이 Notebook은 KLUE-TC (YNAT) Task를 수행하는 예시 코드입니다. Kaggle Leaderboard의 Benchmark가 이 코드를 그대로 실행해서 얻은 결과입니다.

이 코드와 실습 코드, 이전 과목 코드 등을 참고하여 여러분의 AI를 작성해 보세요.

하단의 링크를 통해 과제를 위한 Kaggle Competition에 참가할 수 있습니다: 
https://www.kaggle.com/t/3e0bdda08ecd645d9b2fef4a90b283c3 

In [None]:
! pip install datasets transformers evaluate

Looking in indexes: https://pypi.org/simple, https://us-python.pkg.dev/colab-wheels/public/simple/


In [None]:
import torch
import torch.nn as nn
import evaluate
import numpy as np

## 산출물 생성 함수 정의
아래의 코드블럭을 실행하면 됩니다.

In [None]:
# Parameter로 입력된 모델을 테스트 하고 그 결과를 result.csv 파일로 저장합니다. 
def export_result(model, tokenizer = None):
  from pandas import DataFrame
  test_dataset = load_dataset("klue",'ynat')['validation']
  id = []
  pred_label_list = []
  true_label_list = []
  is_warned = False
  with torch.no_grad():
    for idx, datum in enumerate(test_dataset):
        if idx % 100 == 0:
          print("test {}th data".format(idx))
        id.append(datum['guid'])    
        
        if tokenizer is not None:
              tokenized = tokenizer(datum['title'],return_tensors='pt')
              predicted_label = model(**tokenized)[0]
        else:
          # model만 인자로 넘겨준 경우, Model은 숫자 하나 혹은 Tensor를 리턴해야 합니다
          # 혹은 아래 코드를 변경해서 pred_label_list 리스트에 한번에 숫자 하나가 입력 되도록 만들면 됩니다.
          predicted_label = model(datum['title'])
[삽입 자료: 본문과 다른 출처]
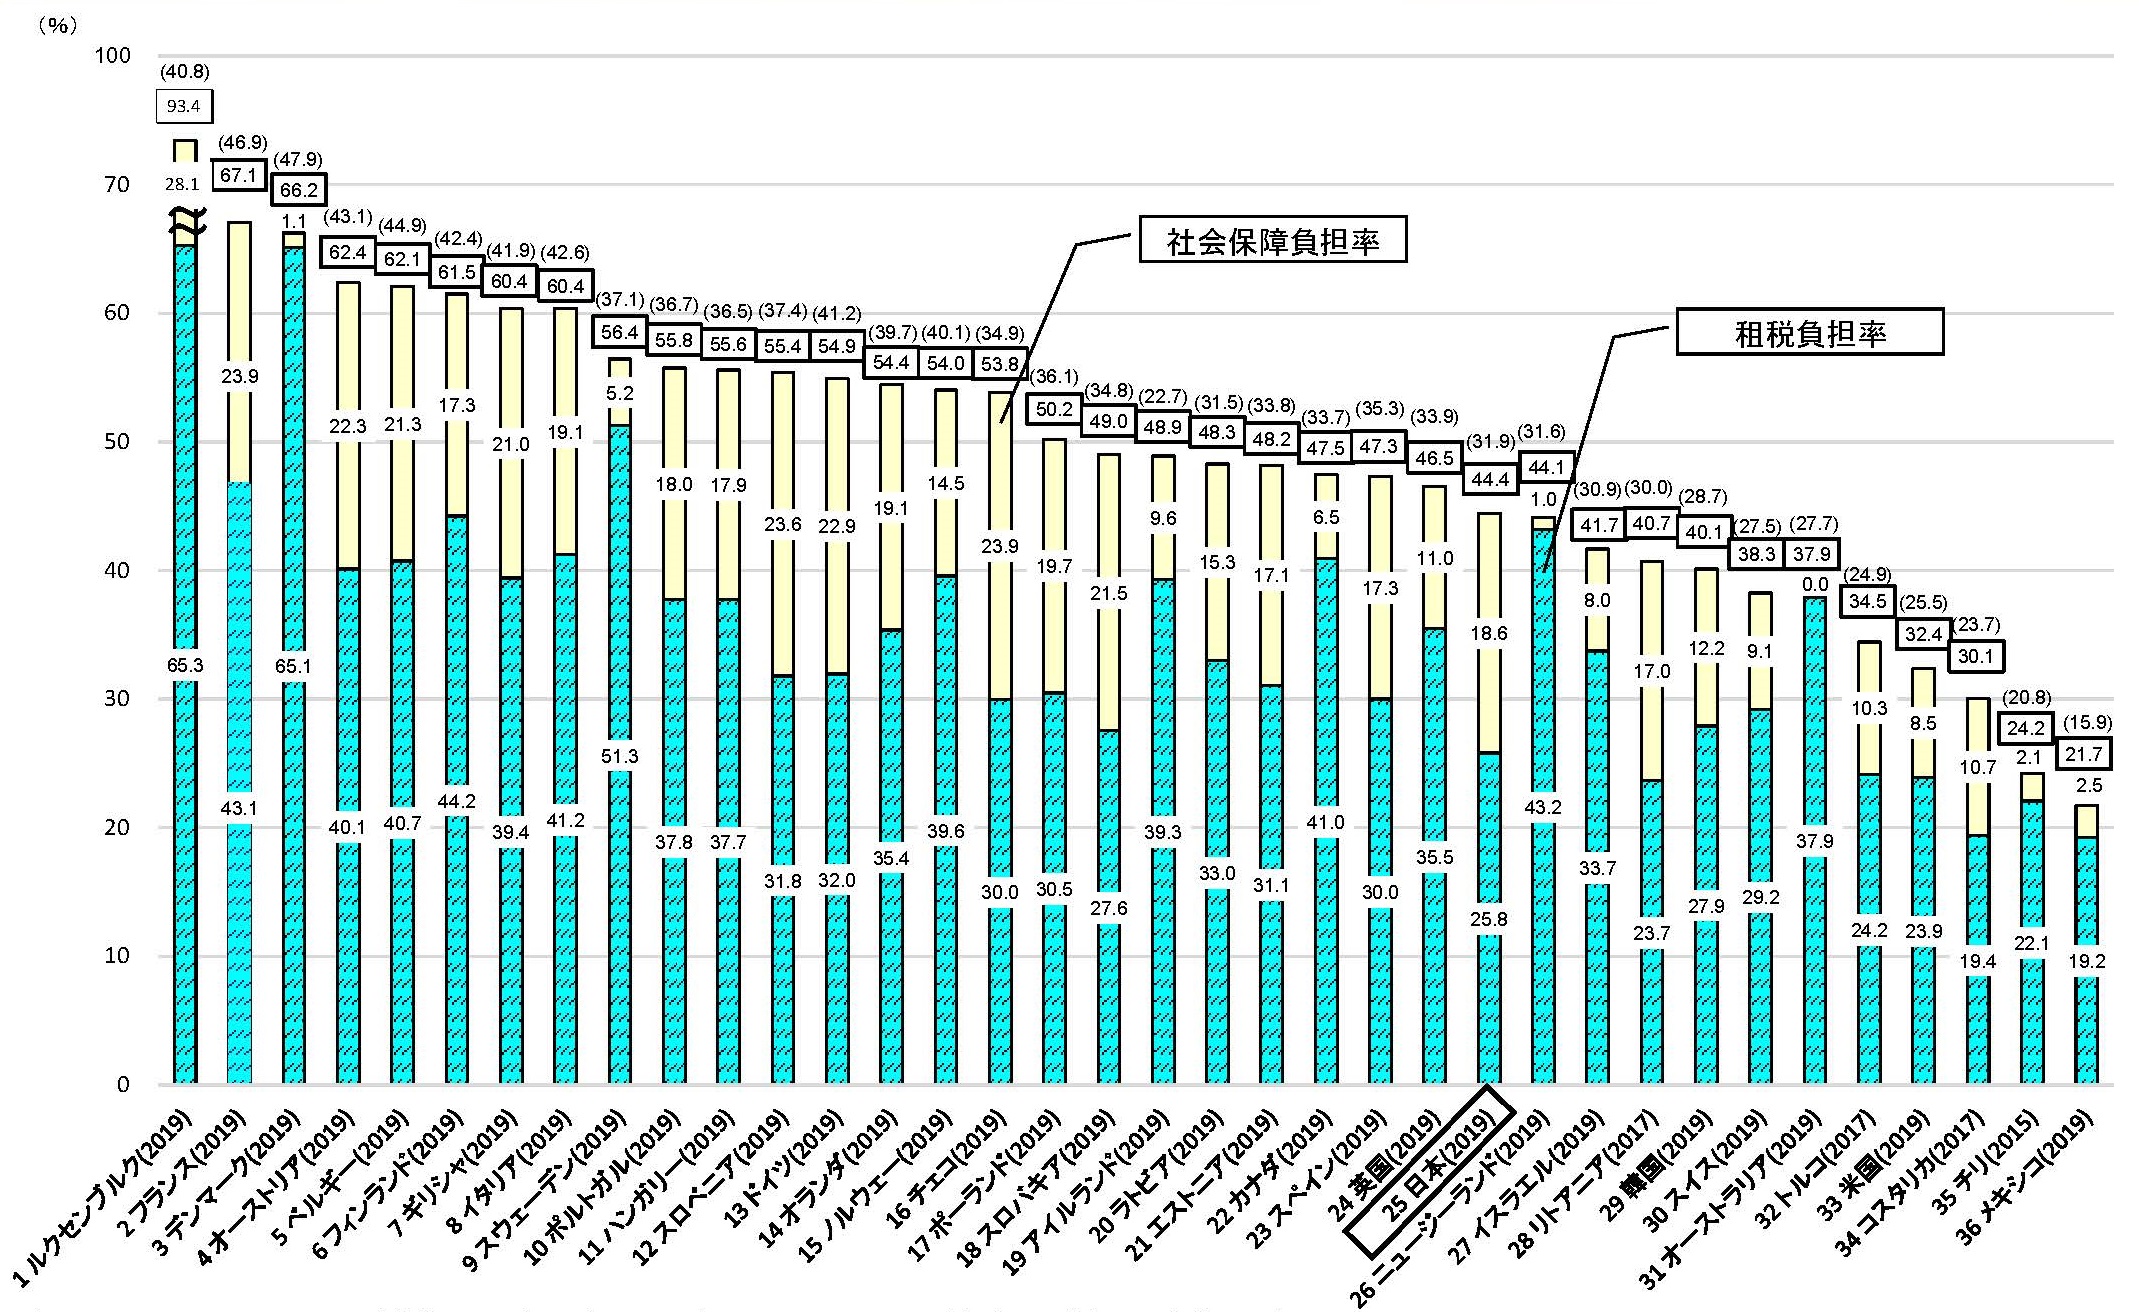 国民負担率の国際比較（OECD加盟35カ国）

        if isinstance(predicted_label,list):
          predicted_label = torch.argmax(predicted_label[0],dim=1).item()
        elif isinstance(predicted_label,torch.Tensor):
          predicted_label = torch.argmax(predicted_label,dim=1).item()
            
        true_value = datum['label']
        if predicted_label > 6 and not is_warned:
          print("predicted_label의 값이 6보다 큽니다. 출력된 값을 한번 점검해주세요.")
          is_warned = True
        pred_label_list.append(predicted_label)
        true_label_list.append(true_value)
  df = DataFrame({"guid":id,
                  "Category":pred_label_list})
  # save df to result.csv file
  df.to_csv("./result.csv", index=False)

## 데이터셋 불러오기

#### 주의사항: 본 과제에서는 validation set에 대한 성능을 평가하기 때문에 load_dataset("klue","ynat")['validation'] 등을 통해 validation set을 모델에 학습시킨 경우 0점 처리 됩니다.


In [None]:
from datasets import load_dataset

# 본 과제에서는 validation set에 대한 성능을 평가하기 때문에
# load_dataset("klue","ynat")['validation'] 등을 통해 
# validation set을 모델에 학습시킨 경우 0점 처리 됩니다.
dataset = load_dataset("klue",'ynat')



  0%|          | 0/2 [00:00<?, ?it/s]

In [None]:
dataset

DatasetDict({
    train: Dataset({
        features: ['guid', 'title', 'label', 'url', 'date'],
        num_rows: 45678
    })
    validation: Dataset({
        features: ['guid', 'title', 'label', 'url', 'date'],
        num_rows: 9107
    })
})

## 모델 설계

#### 자연어처리 과목 혹은 이전 실습시간에 배운 내용을 바탕으로, KLUE-TC task를 위한 AI모델을 만들어보세요.


In [None]:
# Define Your AI
# 아래의 코드 블럭은 예시 AI입니다. 이를 활용해도 되고, 무시해도 됩니다.

In [None]:
from transformers import AutoTokenizer, AutoModelForSequenceClassification

model_checkpoint = "bert-base-cased"
some_tokenizer = AutoTokenizer.from_pretrained(model_checkpoint)
device = "cuda:0" if torch.cuda.is_available() else "cpu"
model = AutoModelForSequenceClassification.from_pretrained(model_checkpoint,num_labels=7).to(device)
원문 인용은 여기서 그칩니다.